Tidak lama kemudian terdengar suara ayah Mita, "Mita kamu tidak apa-apa nak?" Ayah Mita mendekat kemudian memeluk tubuh anak semata wayangnya.
"Tidak dad,,, maafkan membuat Dady khawatir lagi," Mita melihat ada genangan air mata di ujung wajah penuh kasih itu.
 "Ok,, kita pulang,,!" Tq Mr Daniel ,,!" Ayah Mita mengalami Mr Daniel maaf telah merepotkan Anda,!"
 "No problem,, nice to meet you,,!" "Damar mau ikut bersama kami?" Damar hanya mengangguk kemudian ikut menolong Mita masuk ke dalam mobil.

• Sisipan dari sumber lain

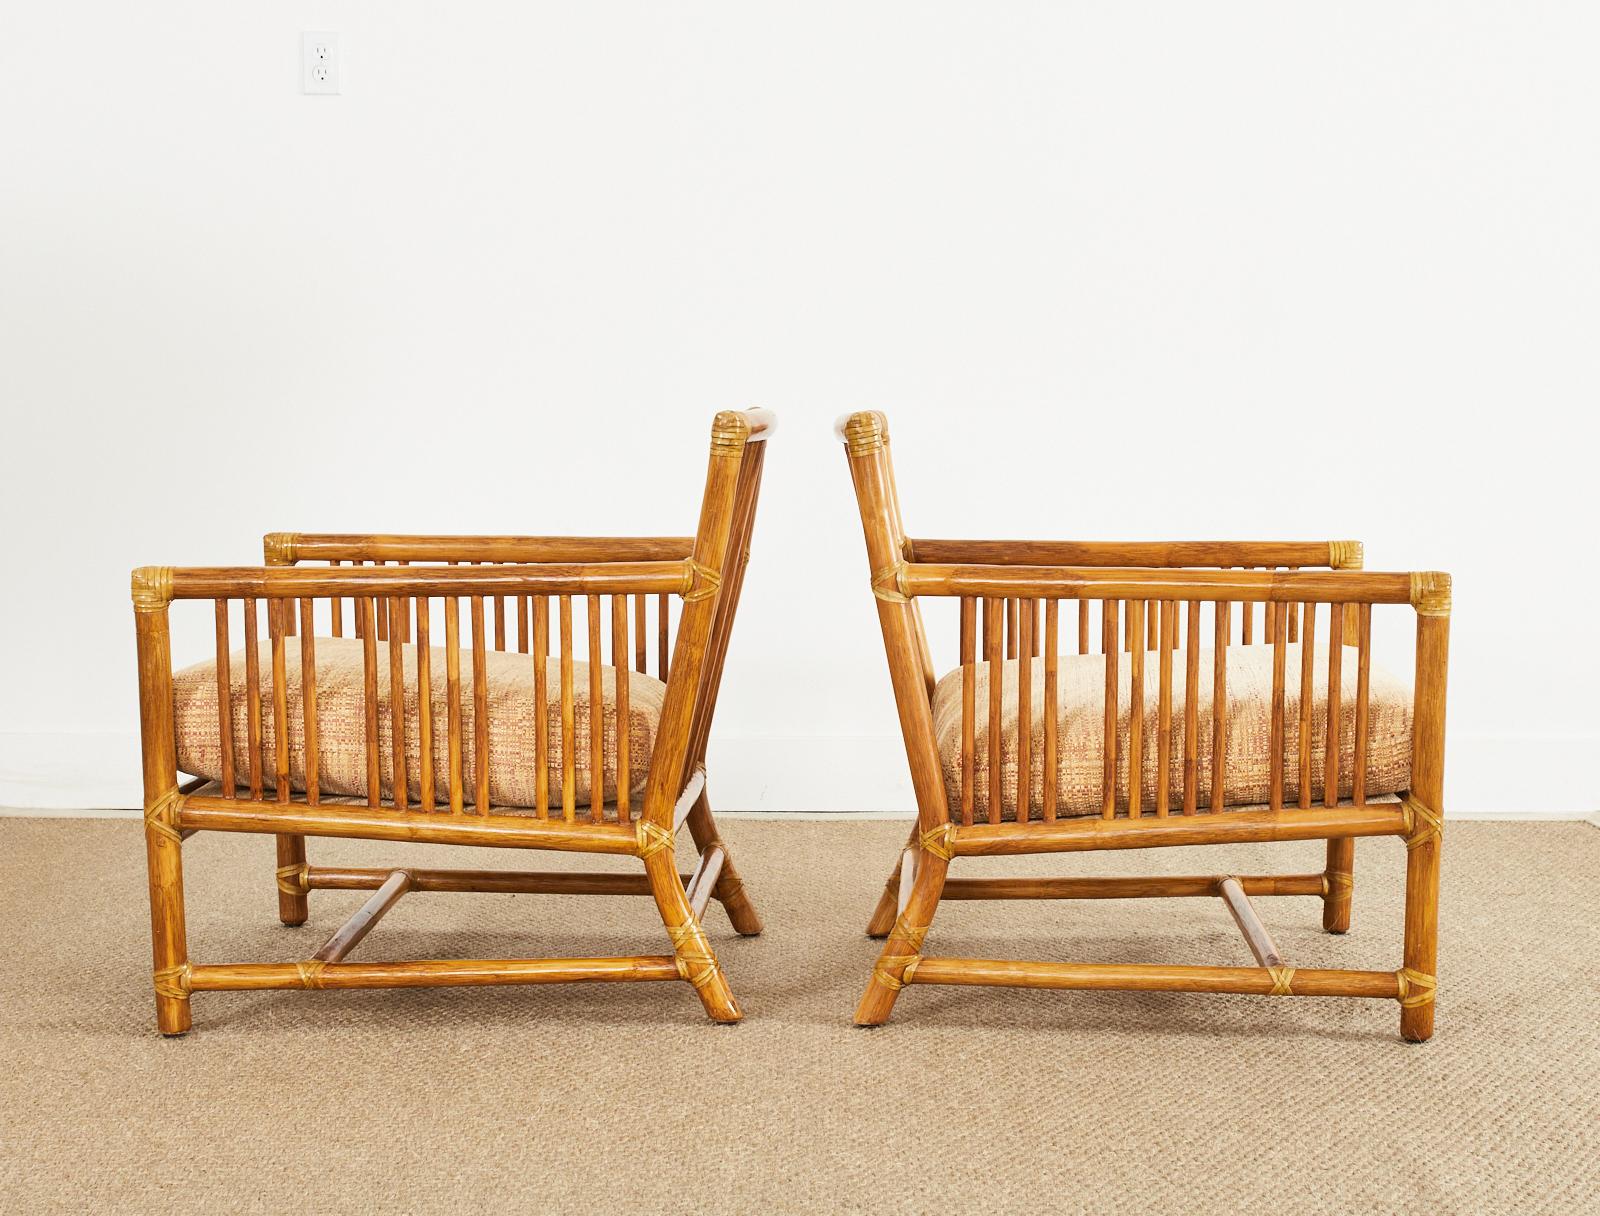 Pair of McGuire Organic Modern Rattan Pole Lounge Chairs In Good Condition For Sale In Rio Vista, CA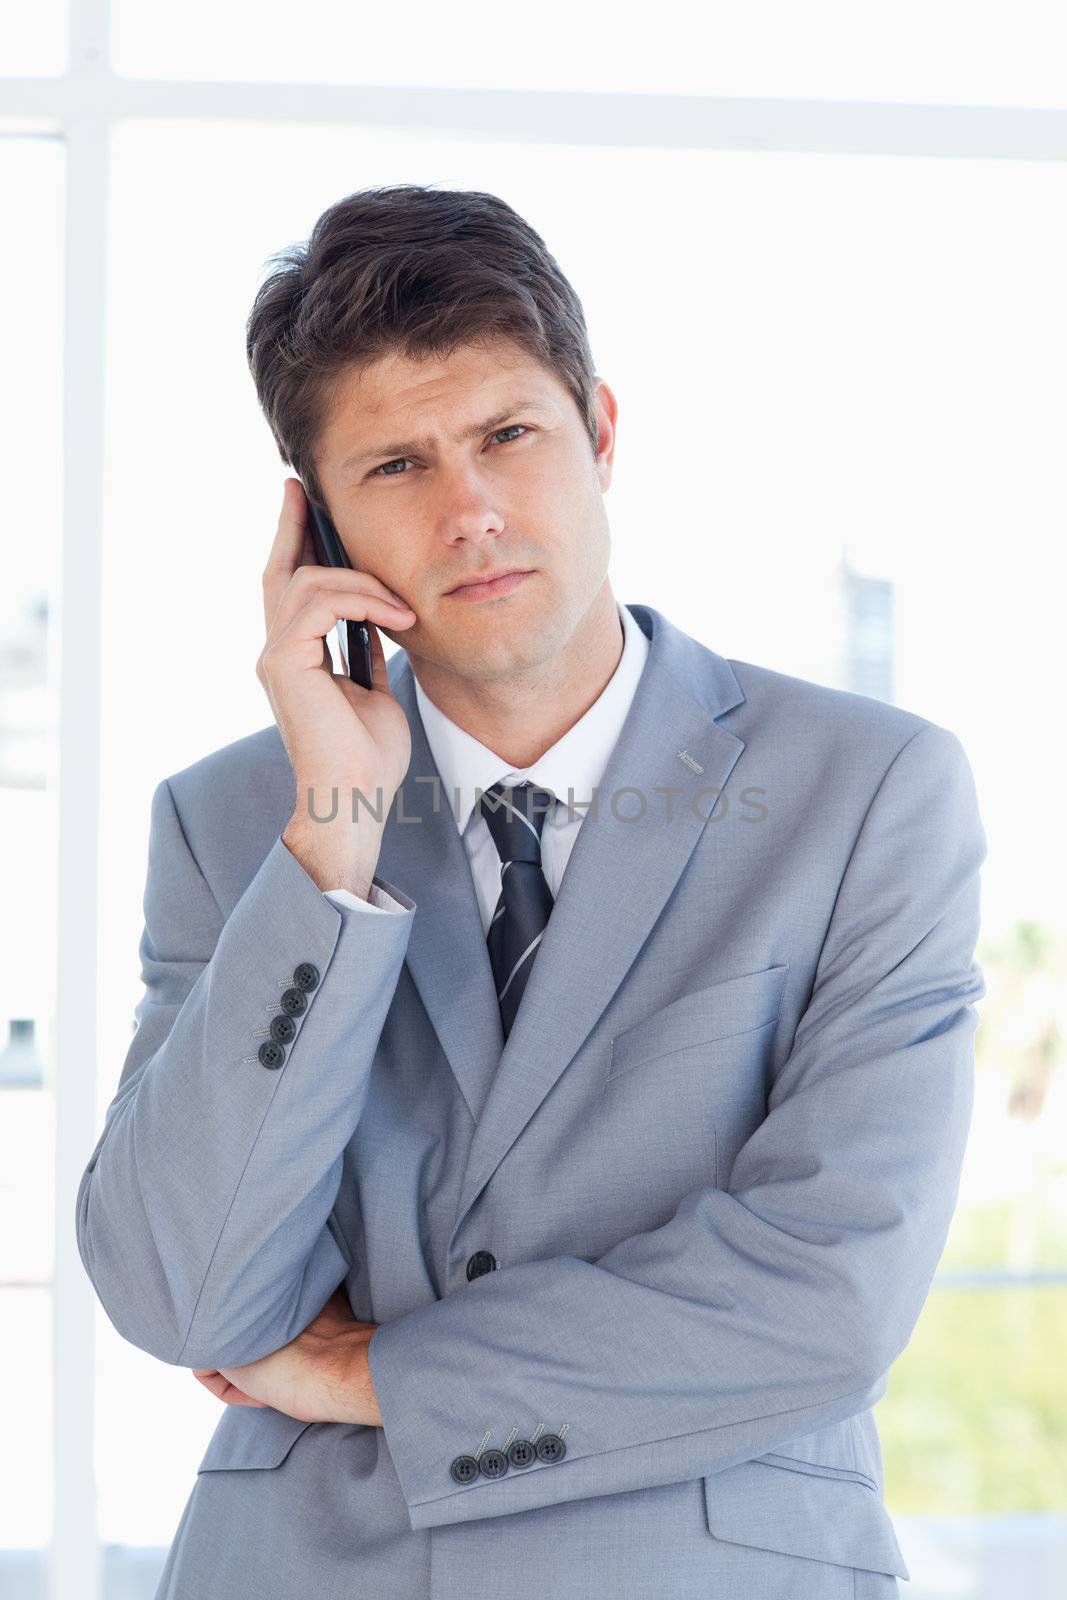 Serious businessman making a call while looking at the camera by Wavebreakmedia

 Rupanya kejadian kemarinlah akhir perjumpaan Damar dengan Mita, siapapun tidak menduga kisah akhir hidup seseorang, keesokan paginya Damar di telepon Mr Ryan ayahnya Mita bahwa Mita telah pergi untuk selamanya, begitu juga Drue teman kuliahnya.

Damar tercenung di sisi tanah merah yang hampir dipenuhi bunga. Inilah sebenarnya jawaban Mita atas lamarannya. "Jangan aku,,, Damar,, bukan aku menolak tapi jangan pernah mencintaiku cukup jadikan aku teman yang akan menjadi kenangan terbaikmu...!" Itu jawaban Mita, ketika dia mengungkapkan perasaannya, "aku mencintaimu mit,,,, maukah kau !menikah denganku?" Andai saja dia. Bisa menyimak lebih dalam jawaban Mita tentu dia tidak akan menyesal seperti ini, Mita merahasiakan penyakitnya leukimia stadium akhir,,, sudah menyerangnya beberapa bulan terakhir ini, begitu pintarnya Mita menutupi penyakitnya hampir sempurna tidak satupun teman-teman kuliahnya mengetahui terlebih Drue sahabatnya sendiri.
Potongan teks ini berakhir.